CIOs Outsourcing More But Face New Management Paradigms

In recently conducted research by Vanson Bourne, an independent global market research firm, 48% of testing and development projects are outsourced by CIOs. Yet the study revealed that the change in dynamics involved when your IT becomes more of an outsourced management environment rather than a fixed internal team causes some projects to fail.

Many times these failures appear to be the fault of the outsourcing provider. Yet when more closely and objectively examined even the CIOs themselves soon learn that they need to change their management methodology not change their outsourcing partner.

For example the report found that 81% of those polled suggested that they were “not totally confident” in telling an outsourcing company exactly what they wanted, yet the biggest reason (55%) projects overran or failed to deliver was ‘too many changes occurring to the requirements during the project’.

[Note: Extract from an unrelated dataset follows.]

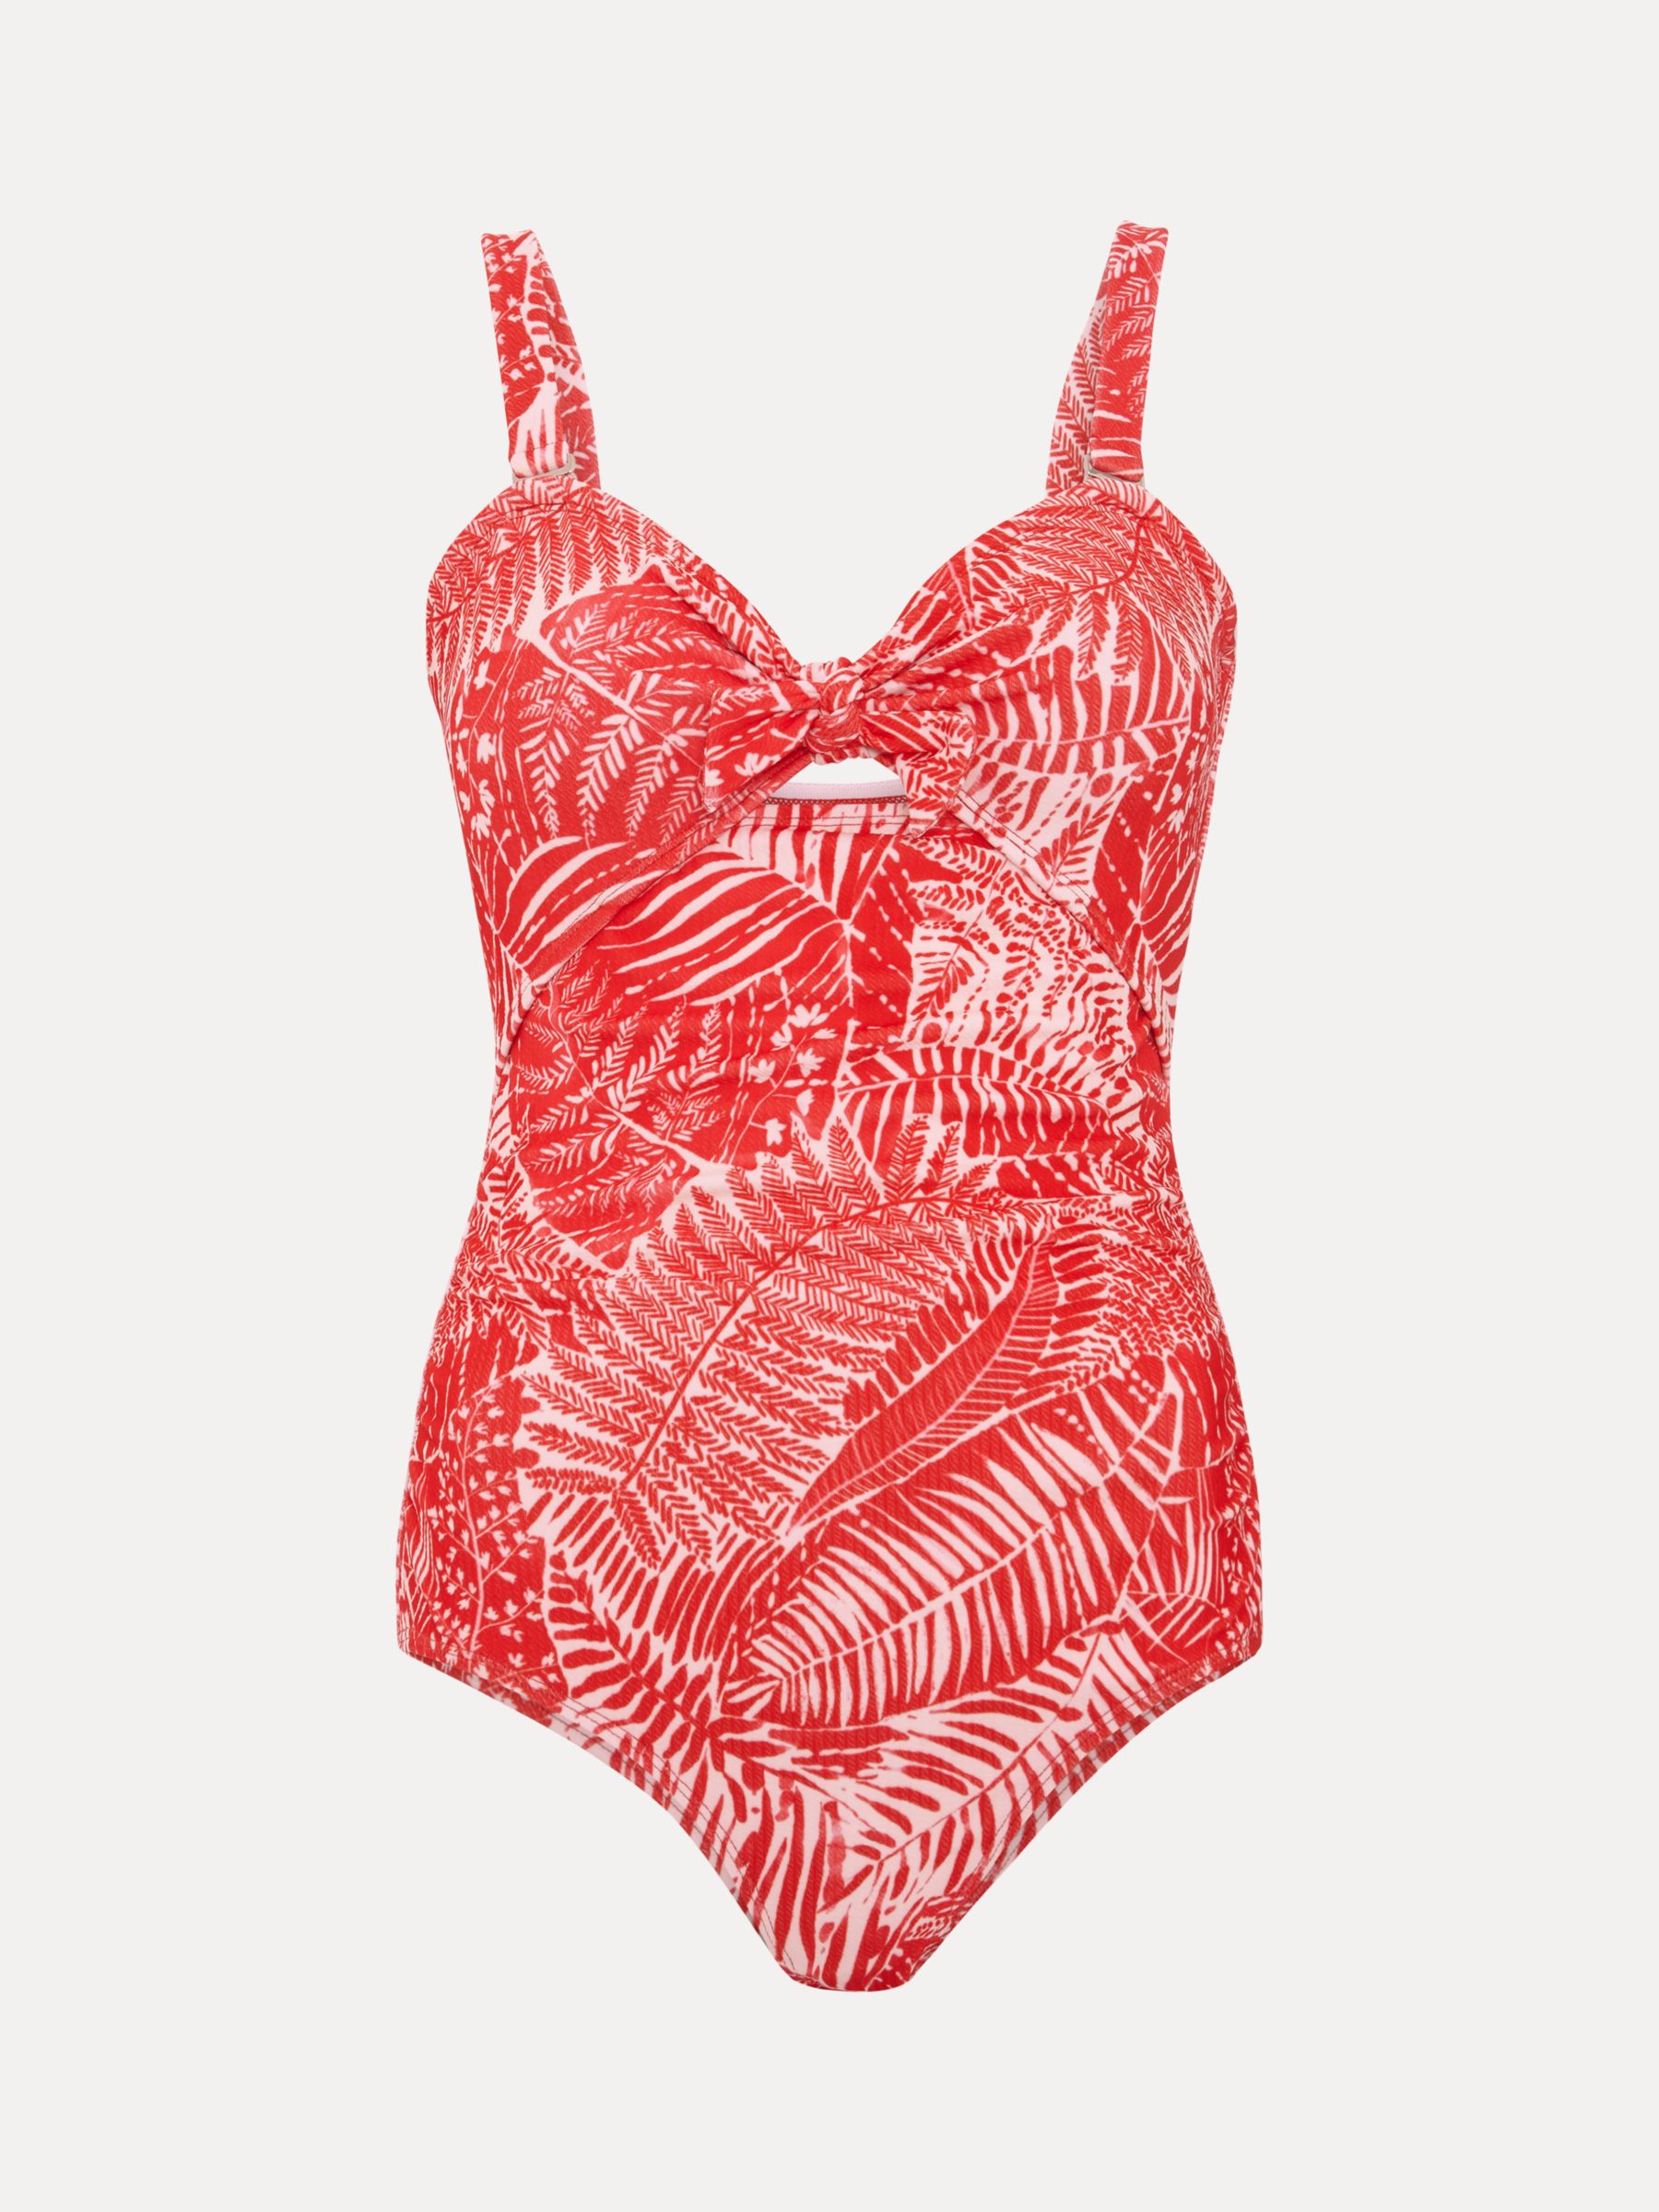 Phase Eight Fern Print Swimsuit, Red/White, 8

Other key reasons for projects hitting the skids included a lack of skills to interpret requirements (47%) and insufficient testing (40%). 85% of organizations use a “variety of stakeholders” in sorting out requirements resulting in increased complexity, whilst only 37% said they could manage variability and change during these contracts.

In an unrelated survey of IT decision makers in the UK, France, Germany and South Africa 52% of the respondents indicated that their ability to innovate was being compromised by a lack of budget dollars. Similar U.S. statistics on budget constraints also indicate that budgets continue to be tight despite organizational needs for new and innovative uses of technology.

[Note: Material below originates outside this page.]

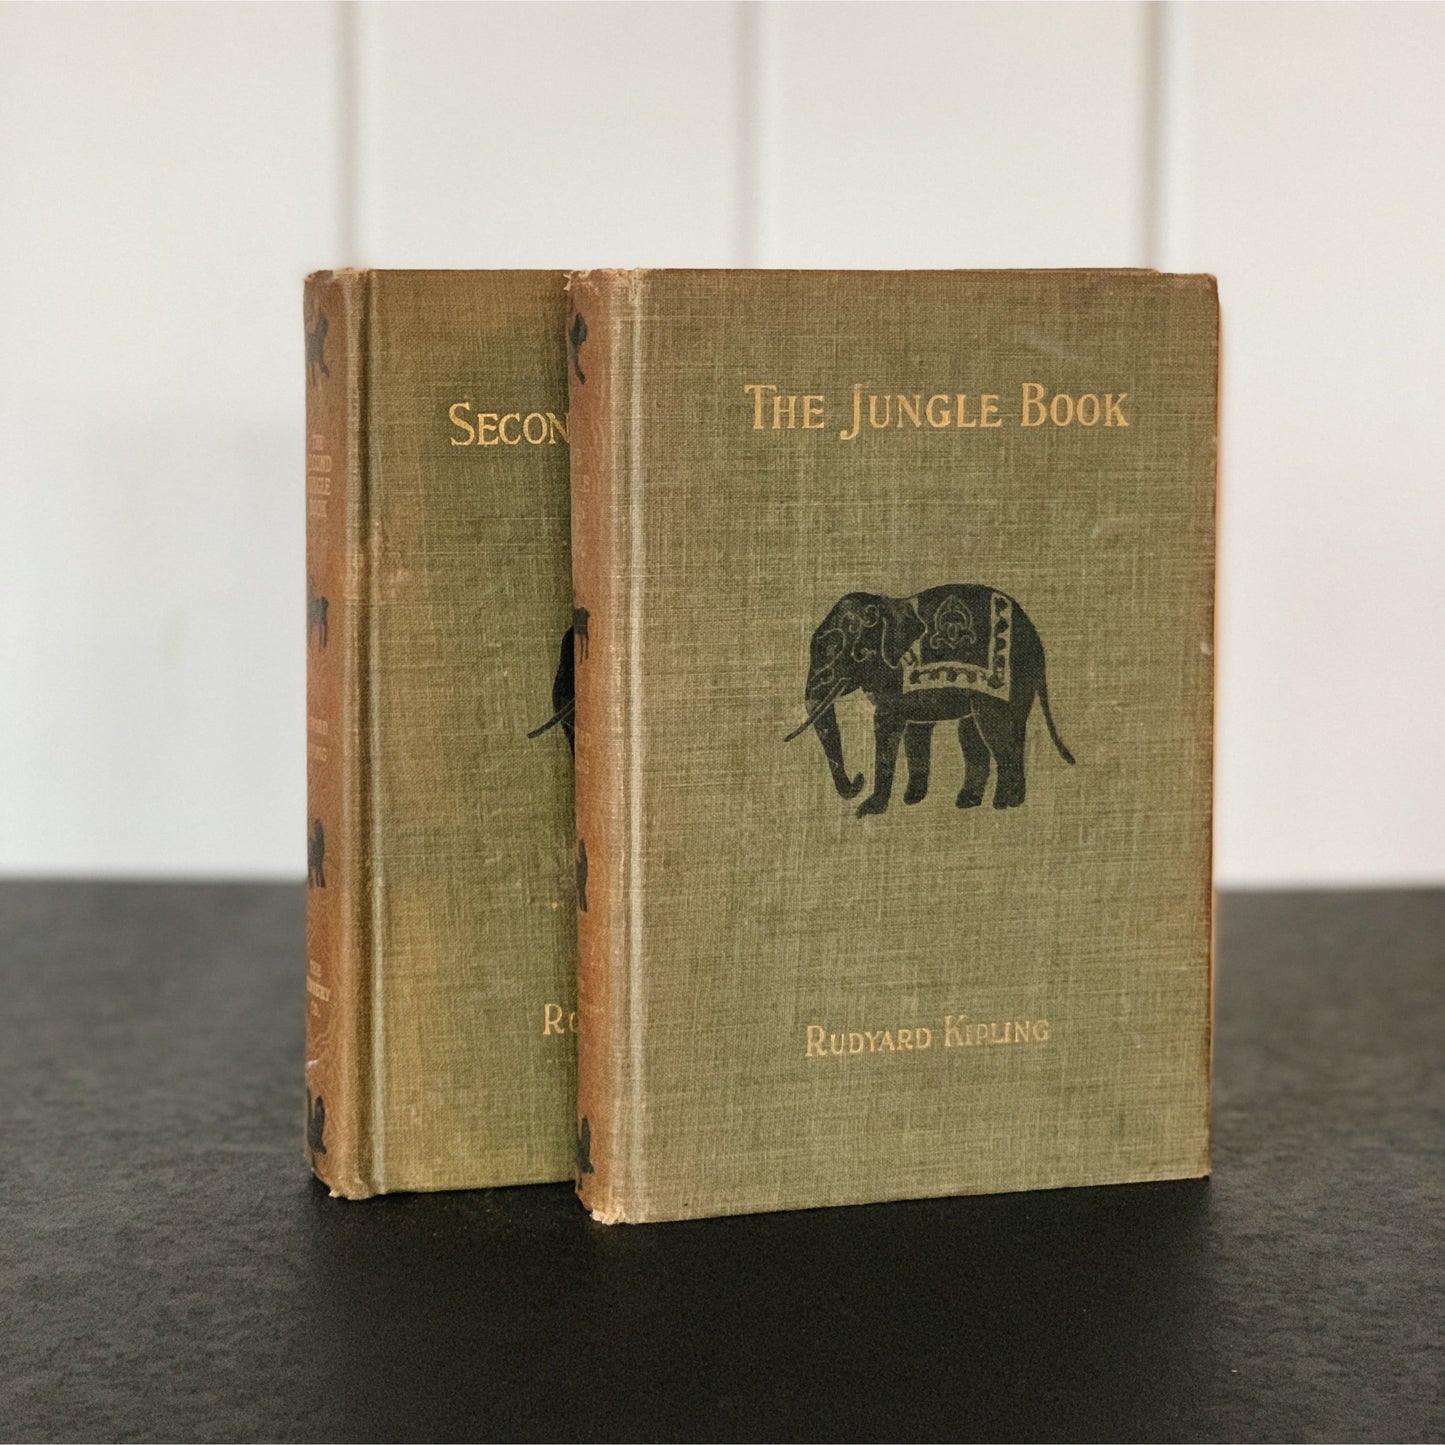 The Jungle Book and The Second Jungle Book, 1912-1913

So what’s a CIO to do when they don’t have big budgets but they do have big challenges? The answer is still outsourcing.

It may not mean outsourcing everything but in companies that are fundamentally changing how they meet these challenges there is one model that is critical to consider so that your projects have a better chance at success.

Lois Coatney, in a comprehensive piece for CIO Insight, has some excellent suggestions for creating an “outsourced operations” environment for CIOs and their staffs. She points out that “The CIO’s team also changes dramatically after a transition to outsourcing. What had been a single staff now comprises a number of service providers within the supply chain. As a result, the manager’s responsibility shifts from assessing individual performance to assessing overall service compliance to agreed service levels in the contract. Similarly, incentives to change behavior must be focused on service-level improvements rather than individual staff improvements.”

It is also helpful to select outsourcing partners who have a well established and documented method for engaging and satisfying the requirements of client projects. There are a number of these outsourcing partners that have deep roots in both new technologies and legacy systems. Add in the fact that the best of them maintain both low cost offshore development assets, as well as, in country based personnel to build and maintain an effective outsourcing relationship, companies with tight budgets can still meet their organizational needs.

CIOs and other IT management will eventually need to provide innovation at a low cost. One way is to in-source the management of outsourced assets by utilizing your more specialized in-house staff to effectively to manage projects to success while keeping overall development costs down.

Many a CIO’s job is on the line now to move their organizations into a tech driven future. Doing a better job with outsourcing may well be the key to keeping those jobs.